Possibly, and this is where the “how” gets hazy is that you could estimate the time you want to wait for the request to be complete, fire off an async call that waits that long and then does an app.stop() but it’s still effectively a hard kill, I don’t believe app.stop() gracefully handles open requests. That, however, isn’t much better than google’s request timeout other than you can fire it off as part of your response.

Hopefully this helps? You also might want to check out cloud endpoints as a different option, effectively you run a request and there’s no container you have to manage - though that would mean leaving Sanic behind I think.

This should get the job done:

from asyncio import sleep
from time import monotonic as current_time

last_request_time = current_time()

def monitor_time(request):
    global last_request_time
    last_request_time = current_time()

async def monitor_idle(app):
    """Shutdown the server when there are no requests in 30 seconds."""
    while current_time() - last_request_time < 30:
        await sleep(5)

However, I would recommend hosting at where you can get a good virtual server for 3 euros a month, and don’t need to worry about shutting down your services to save costs, plus they also have native IPv6 which Google doesn’t. I am a customer but not otherwise affiliated with the company. Amazon EC2 also offers tiny virtual servers completely free but if your service is heavy, you might run out of RAM, CPU or disk space, plus Amazon’s services are damn difficult to setup.

Your solution worked great for my simple case!
The only thing that took me a while to figure out is that when, then you get the message the server stopped, but the script does not exit. I tried all kinds kill commands such as sys.exit() to get the script to stop, but None of them worked. debug=False did the trick, however.

To be a bit more truer to my original question (have the timer start at the end of the request), I modified your example (with the info of @sjsadowski that middelware can call a function prior to sending) to the following:

request_finish_time = current_time()
request_served = False

def monitor_time(request):
    print("Request is made to the server")
    global last_request_time
    last_request_time = current_time()
    global request_served
    request_served = False

async def print_on_response(request, response):
    print("Response is returned by the server")
    global request_finish_time
    request_finish_time = current_time()
    global request_served
    request_served = True

async def monitor_idle(app):
    """Shutdown the server when user connection is cut"""
    while not request_served or current_time() - request_finish_time <= app.config.KEEP_ALIVE_TIMEOUT:
        await sleep(2)
    print("!!!!!! Stopping !!!!!")

Now my server will at least serve 1 request before quitting, and stops when the user time’s out. If the same user sends another request, request_served = False and therefore does not quit while a task is being processed.

I have a feeling this is not multiple-request proof however. Maybe an even nicer way would be to not use await sleep(2), but instead built a async coroutine timer. Start this suicide coroutine when a response is returned, but kill this coroutine when a new request comes.

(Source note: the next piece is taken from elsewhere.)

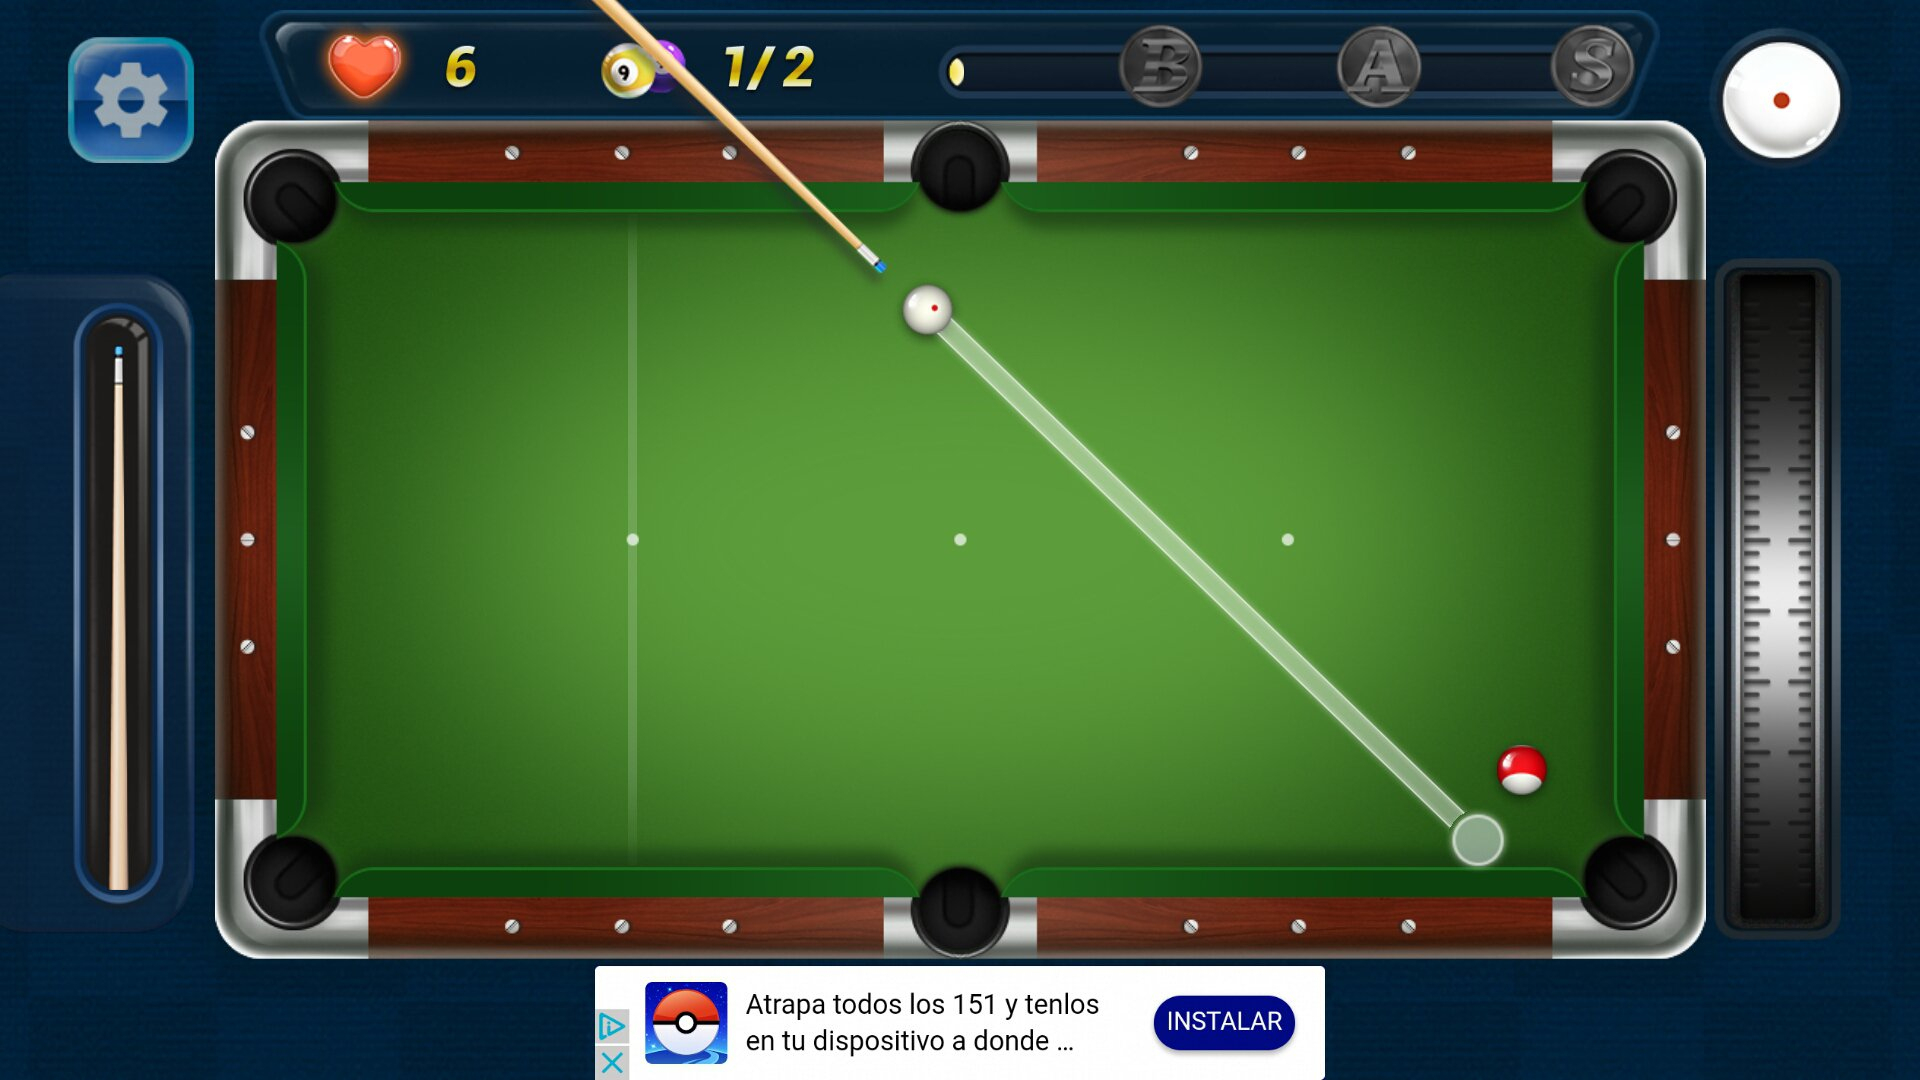 Billiards City 2.12 - Télécharger Pour Android Apk Gratuitement serapportantà Jeux Gratuit Billard

I would recommend hosting at

Thank you for the suggestion. While their service seems great, some reasons a cloud service supporting Docker has my preference for this use-case:

  • The processing of the request is not heavy and there is nothing to do outside the request.
  • I had my Python code already and now I only had to be bothered by throwing it in a Docker container with a HTTP interface (their website talks about images, but don’t mention Docker).
  • Duplicate containers:
    • Scales from 0 - any user base I will ever get.
    • Latency is very important for a PWA, and with Cloud Run it seems I can host it in any region (although currently only Japan).
  • Network ingress (free and low-latency) access to Firebase.

Although Hetzner doesn’t directly run containers, you can install Docker on your virtual servers.